Y nos dieron las 3:30
Y nos dieron las doce y la una, las dos y las tres y media. Y los altavoces se quedaron mudos por órdenes de la Generalitat y el cielo de los bares se incendió. Aureliano se marchó a su casa arrastrando los pies y mascullando no sé qué acerca de la buena acogida de su última columna contra el nuevo horario de cierre y del poco caso que se le hacía. Yo, todavía aferrado a la barra, evalué de aquella manera los próximos cien días de esta arriesgada vida que vivimos, apuré el tibio solaje de la última copa demandada mientras evitaba que el caudal de clientes me arrastrara a la puerta de salida, y revisé el equipaje antes de despedirme del personal, que con una hora menos en sus bolsillos apenó un corto adiós. Qué triste es no ser ya tan joven y qué fortuna.

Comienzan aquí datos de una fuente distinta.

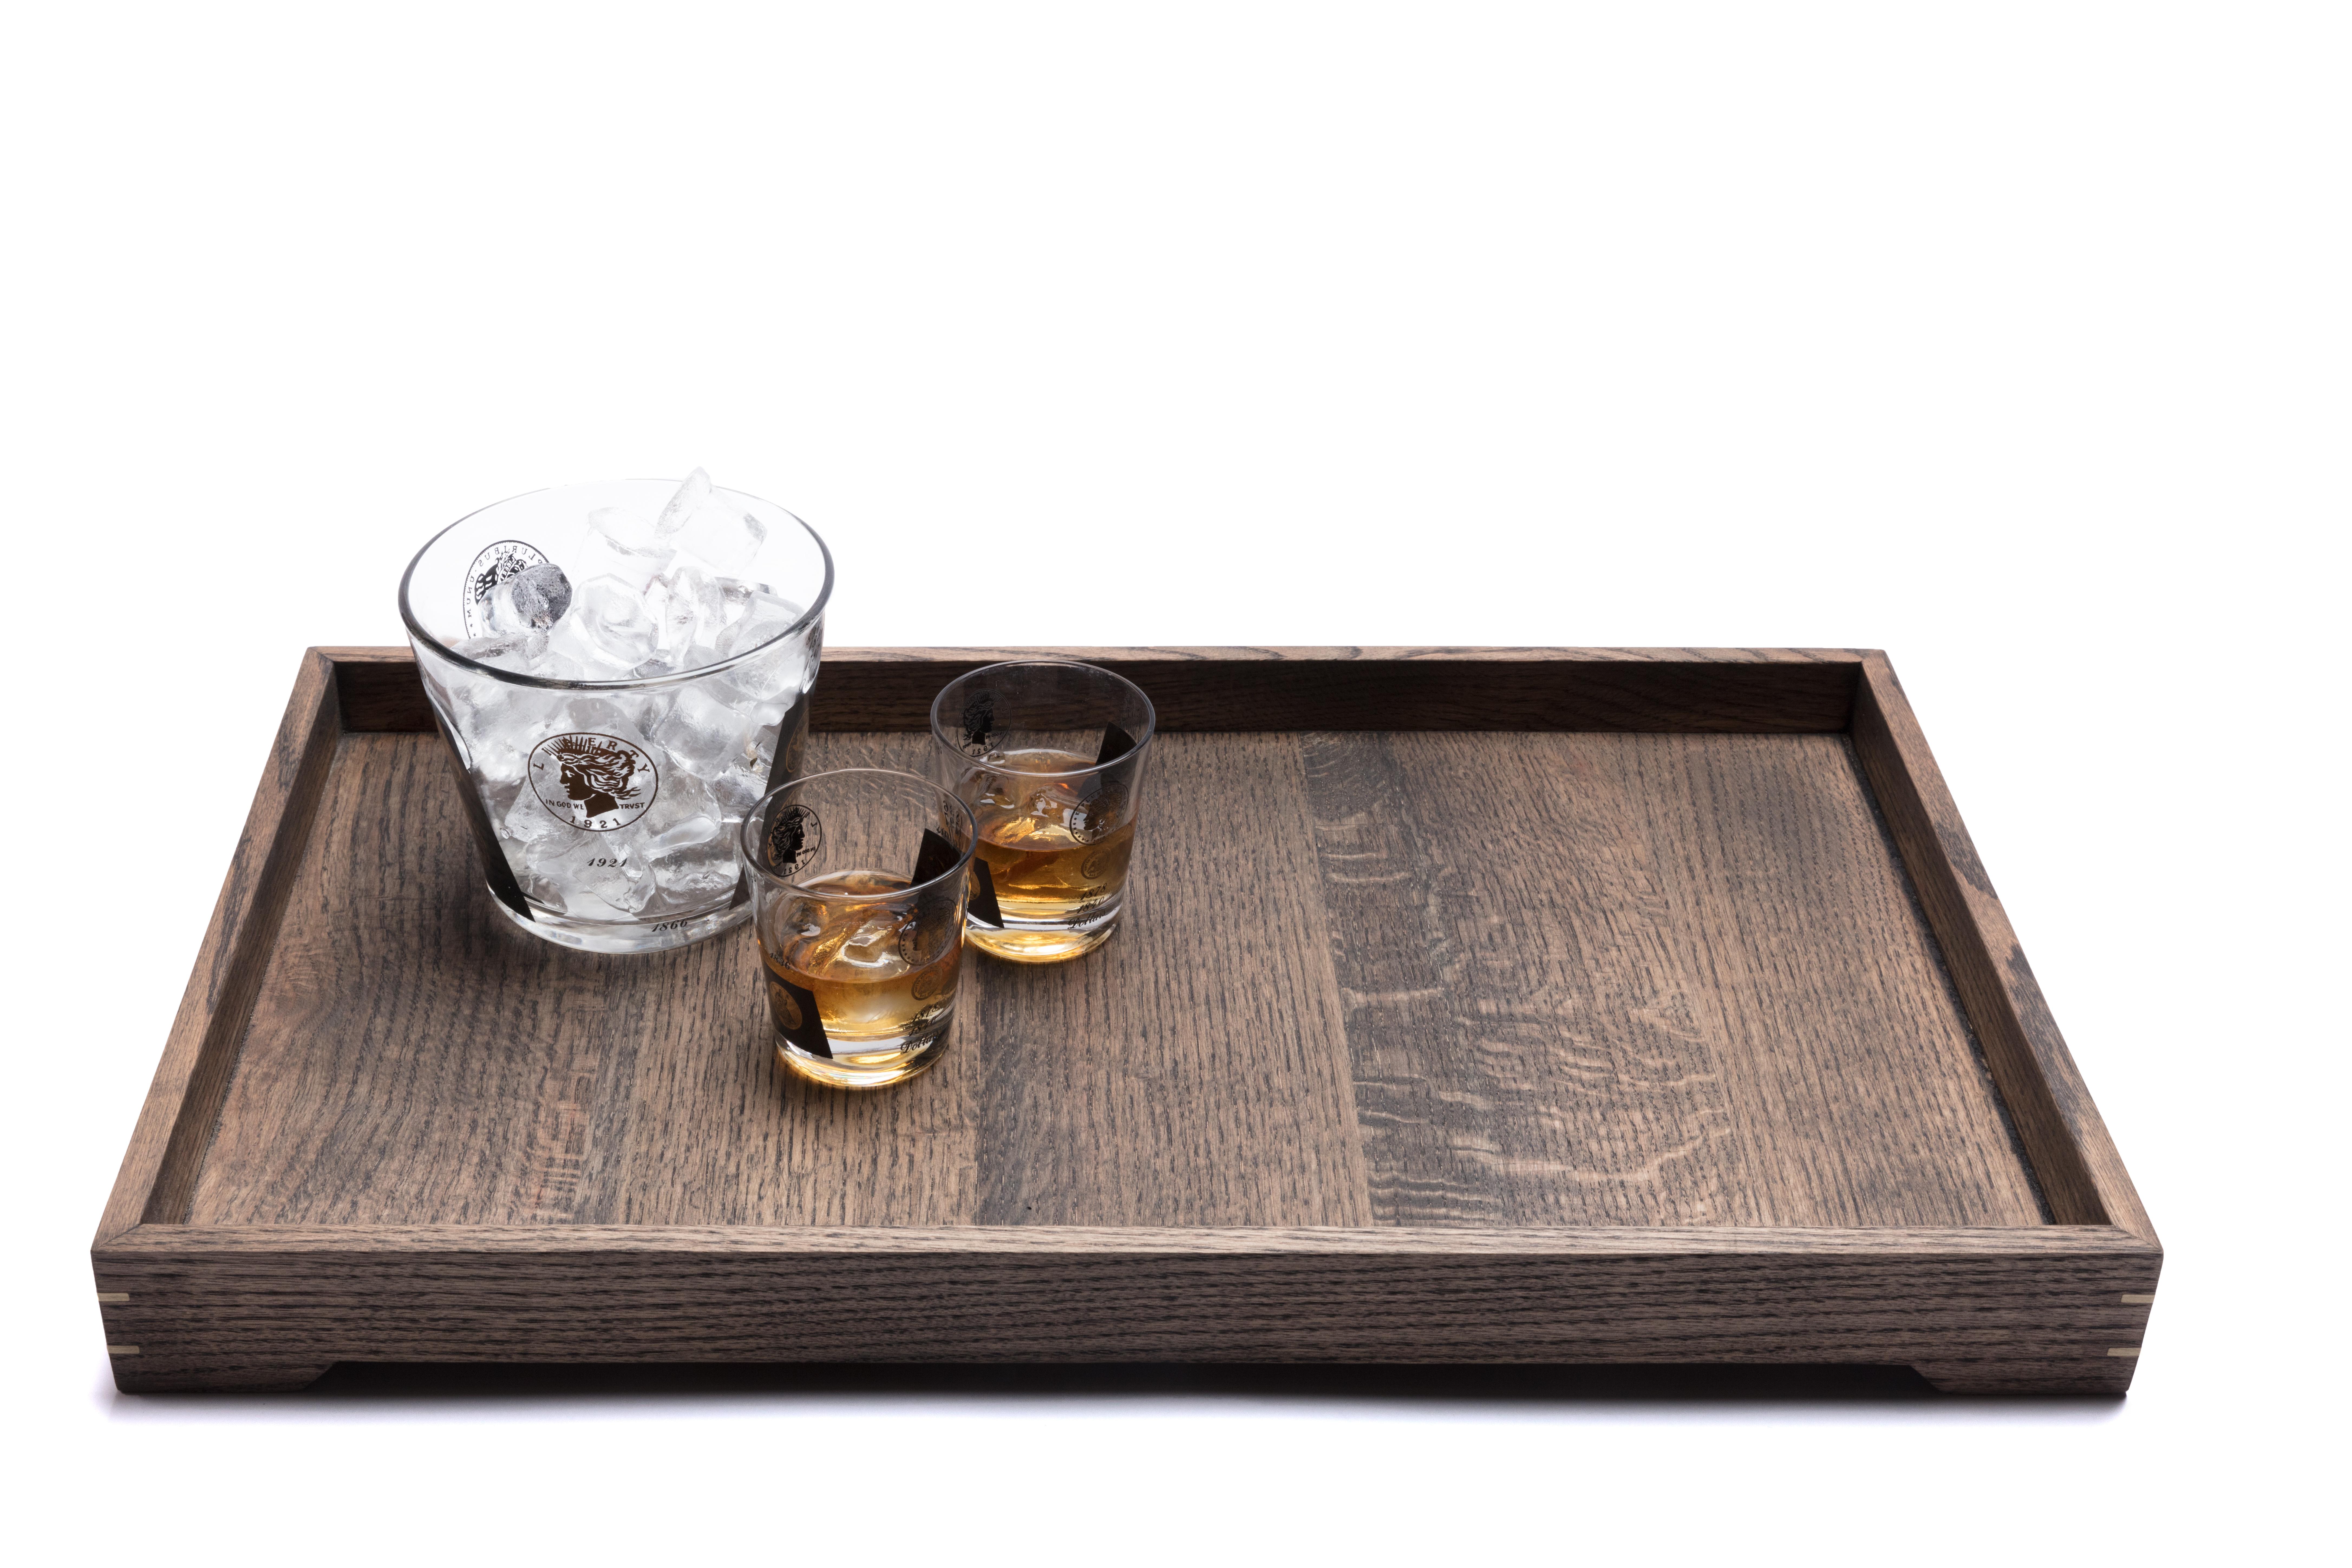 Organic Modern Solid Ebonized Oak Wood and Brass Tray for Barware or Ottoman Display or Jewelry For Sale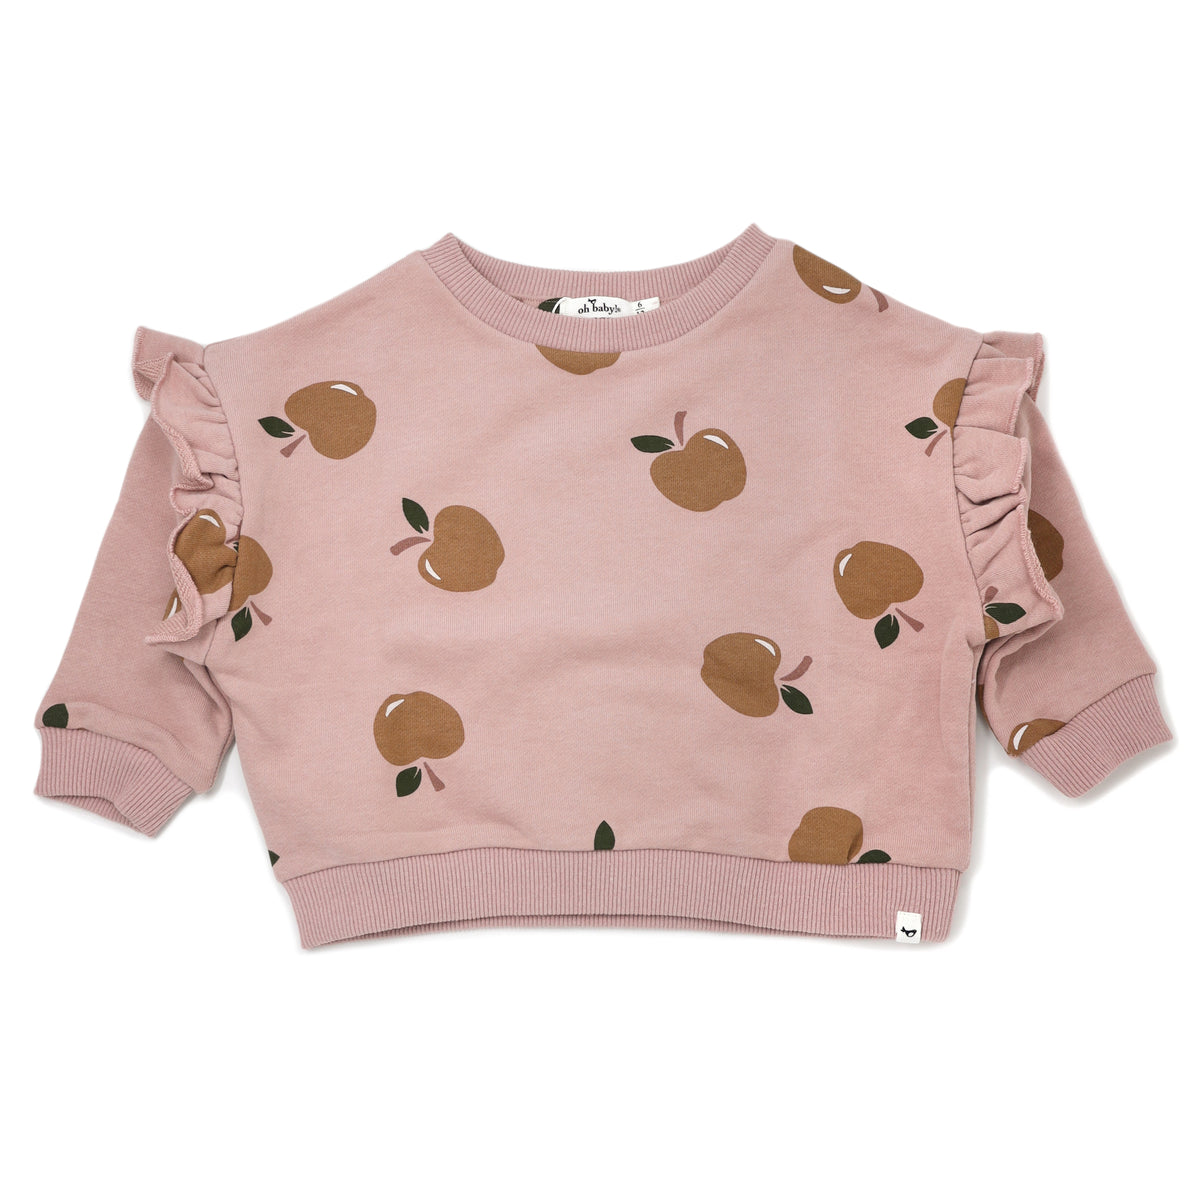 oh baby! Millie Slouch Sweatshirt with Rust Apples Print - Blush

Aún así, con esta juventud escapando entre mis dedos, todavía me alcanzan noticias y alertas vía e-mail o sms que puedo contrastar con las de la prensa: por ejemplo la noticia aparecida acerca de los macrobotellones planificados para esta noche en diferentes ciudades del territorio nacional. Pero no voy a ser yo quien salga defendiendo el orden y la disciplina (o cierto orden y cierta disciplina). Entre otras cosas porque pienso que toda reacción es consecuencia de una acción. Otro ejemplo. Cuando decimos que con el nuevo horario de cierre de los locales, la juventud (así en general) tiene mayor posibilidad de perder su vida en la carretera, hablamos de una consecuencia la reacción consiste en abandonar la ciudad desierta (para ¿descanso? de la vecindad y diversión de los implicados). Pero no creo que ésta sea la verdadera reacción a la nueva ley de horarios. Esta es sólo una opción cómoda y pasiva. La reacción llegará, tal vez no hoy, ni mañana, pero llegará y nos conducirá a una situación donde se pondrán de relieve las consecuencias de tales posturas. También las Comunidades creyeron que con la ley antibotellón acabarían con este mal, pero mira por donde ahora la consecuencia se llama macrobotellón. Y se trata de un movimiento organizado, premeditado e incluso alevoso.
Ya hace tiempo comenté que la madurez no cura. No de los trastornos de la juventud al menos. Pero creemos que nos otorga autoridad. La autoridad de la generación adulta pretende atajar los males que ella misma padeció quizá de otro modo, pero en el fondo del mismo modo. Yo fui joven, por ello sé qué quieren los jóvenes. La autoridad de la generación adulta teme a la nueva generación, a quien acorrala y conduce. Escucho en mitad de la calle a unos señores comentar el miedo que les produce cruzarse con cualquier grupo de jóvenes. Tribus desconocidas de las que han escuchado las peores barrabasadas (palizas grabadas en móviles, consumo de drogas, carreras de coches
). Ahora, en plena discordia por Centros de Ocio y demás alternativas, queda en evidencia la falta de una reflexión real: del uso de la empatía. Falta situarse en la piel de un grupo de diecisiete años y pensar en qué hacer a lo largo de un fin de semana. Dónde ir, dónde encontrar a otros grupos con edades similares. De qué modo divertirse. Pero la opción que ofrecemos consiste en la prevención, contra el tabaco, el alcohol, las drogas
Nuestra aportación consiste en una serie de negativas a sus experiencias en la vida. Se obvia el resto de sus vidas, se piensa en ellos conducidos por una tendencia a lo destructivo, se les mira con dureza y miedo. De acuerdo, hay que educar, pero ¿educar en la negación?